Bisect Experiment at the PR Level

Posted on May 12, 2026
Tags: nix, forge action, auto update

I maintain the SelfHostBlocks project. It relies on nixos/nixpkgs/unstable as its sole dependency and it attempts to follow the latest commit as close as possible.

If you’re wondering why, it’s because I like the shiny new stuff.

First Automation Attempt

To automate this update process, I initially created a crude workflow which worked like follows:

  1. Workflow runs at midnight. It runs nix flake update nixpkgs and if this results in a change in the flake.lock file, it commits that and creates a PR with the automerge label. If a PR already exists, it instead force pushes to that PR.
  2. When the PR is created with the automerge label, the auto-merge feature of Github gets activated.
  3. Custom NixOS VM tests run on this PR and if they all succeed, the flake.lock update PR gets merged automatically.

I wrote more extensively about this in another blog post.

Naive Commit Selection

Although this is automated and did produce PRs that get auto-merged, more often than not the commit selection is too naive. Constantly trying to update to the tip of unstable can lead to test failure.

The most frequent reasons for failure are:

  1. A package I rely on cannot be built.
  2. A module option got updated leading to some breaking change.
  3. The behavior of a module changed and broke an assumption I had.

The workflow being naive does not realize the PR it had created has a failure and it will happily update the flake.lock file to the latest unstable commit. That might fix the failure when a package cannot be built but will never fix the other two.

So when that happens, this update PR will be failing until I take a look at it which is annoying.

Smarter Commit Selection

I changed the workflow to check if the PR already existed and if so to check its test status.

If the tests are failing, it will then clone the nixpkgs repo and choose the commit in the middle between the last good commit (the tip of my project’s main branch) and the latest failing commit (the PR’s nixpkgs commit).

It then uses this new middle commit to run a flake update similarly as before and pushes that change to the existing PR.

nix flake update nixpkgs \
  --override-input \
    nixpkgs \
    github:nixos/nixpkgs/$commit

If the PR still fails, on next run it will choose again a commit in the middle between the last good commit and the last failing one.

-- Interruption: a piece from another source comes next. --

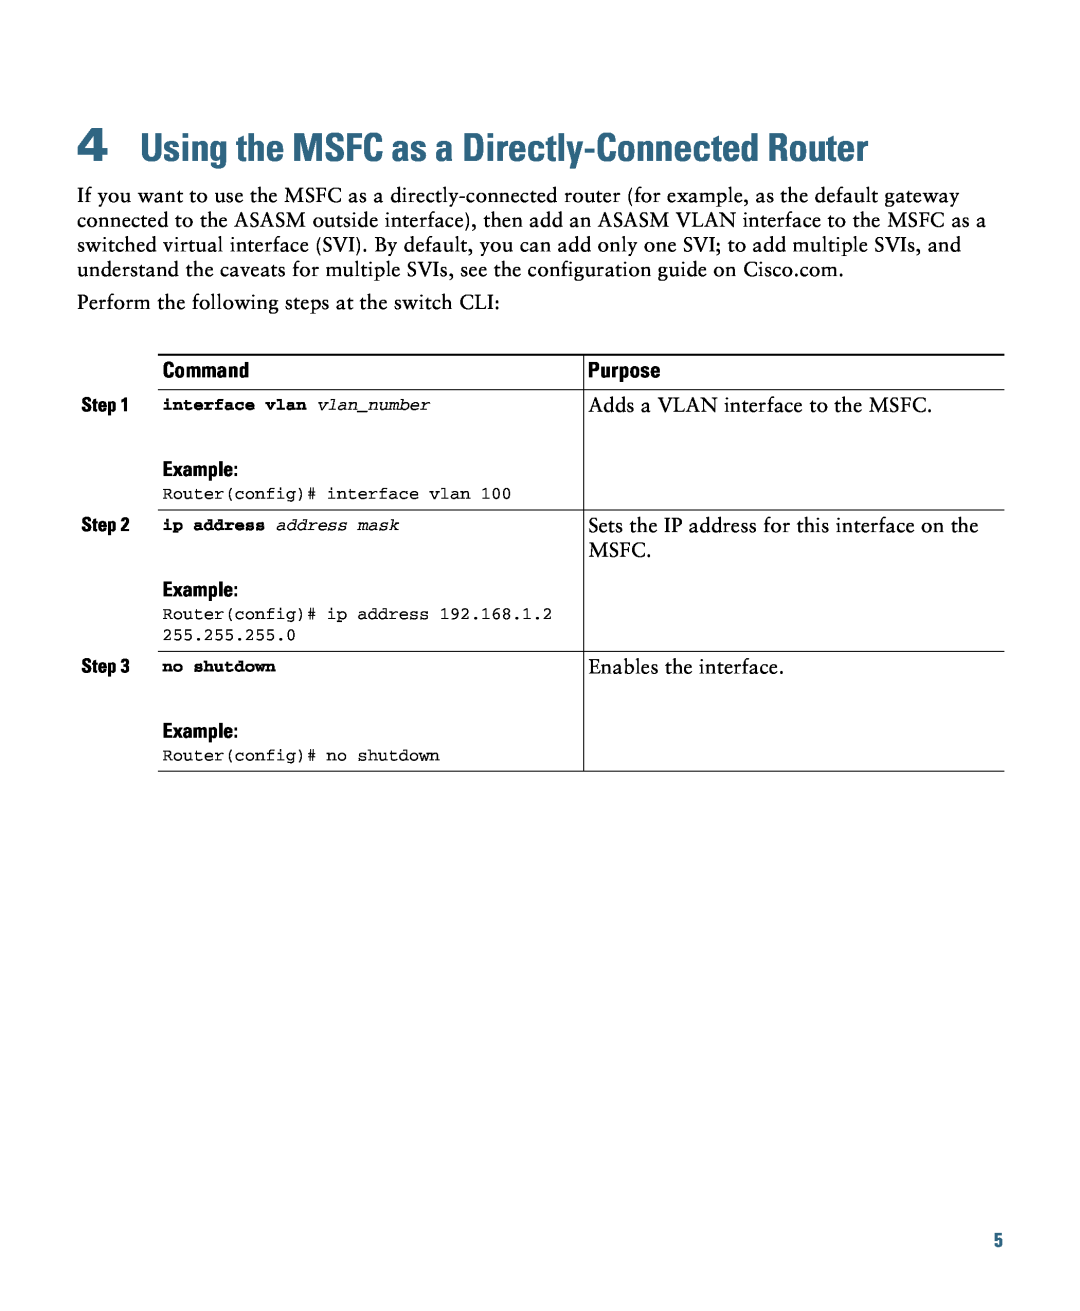 Cisco Systems ASASSMCSC10K9 quick start Using the MSFC as a Directly-Connected Router, Command, Purpose, Example

If the PR succeeds, then it gets auto-merged and the cycle repeats. The workflow will see no PR is opened so it will update the flake.lock file using the latest commit on unstable.

If the tests in the PR continuously fail, there might be no more commit to bisect on as the good commit will become the parent of bad commit. In that case, the workflow will go back to the latest commit on unstable and will try anew.

Manual Run

I’m running the workflow every 3 hours but it is possible to run the workflow manually to speed up the process. This will be useful when I’m catering it and trying to fix the issues that appear.

When running the workflow manually, I also added an option to bisect a commit in the future. That is to choose a commit between the currently failing one in the PR and the tip of nixpkgs unstable.

Links

Possible Improvement

Always choosing a commit in the past is not necessarily the best strategy. It could be worth parsing the log output and figuring out what failed. Indeed, when a package fails to build, choosing a commit in the future might work too as a broken package is usually fixed in the next couple of days at most.

Choosing a commit in the future is possible thanks to the manual run mode but this could be made automatic.

Better selection of commits could be helped by using one of the tools in the wiki. Hydrasect is particularly interesting to be able to pick a commit with cached derivations.

Upstreaming

I’m not even sure this is a good idea and will be useful in practice. Time will tell.

If others still might like a tool like this, it could be extracted as its own repo but it should be made generic first. It should be able to let the user choose which flake input to update. It is hardcoded to “nixpkgs” now.

I’m also not sure how to best handle updating multiple inputs as the number of combination of commits to try would explode quickly.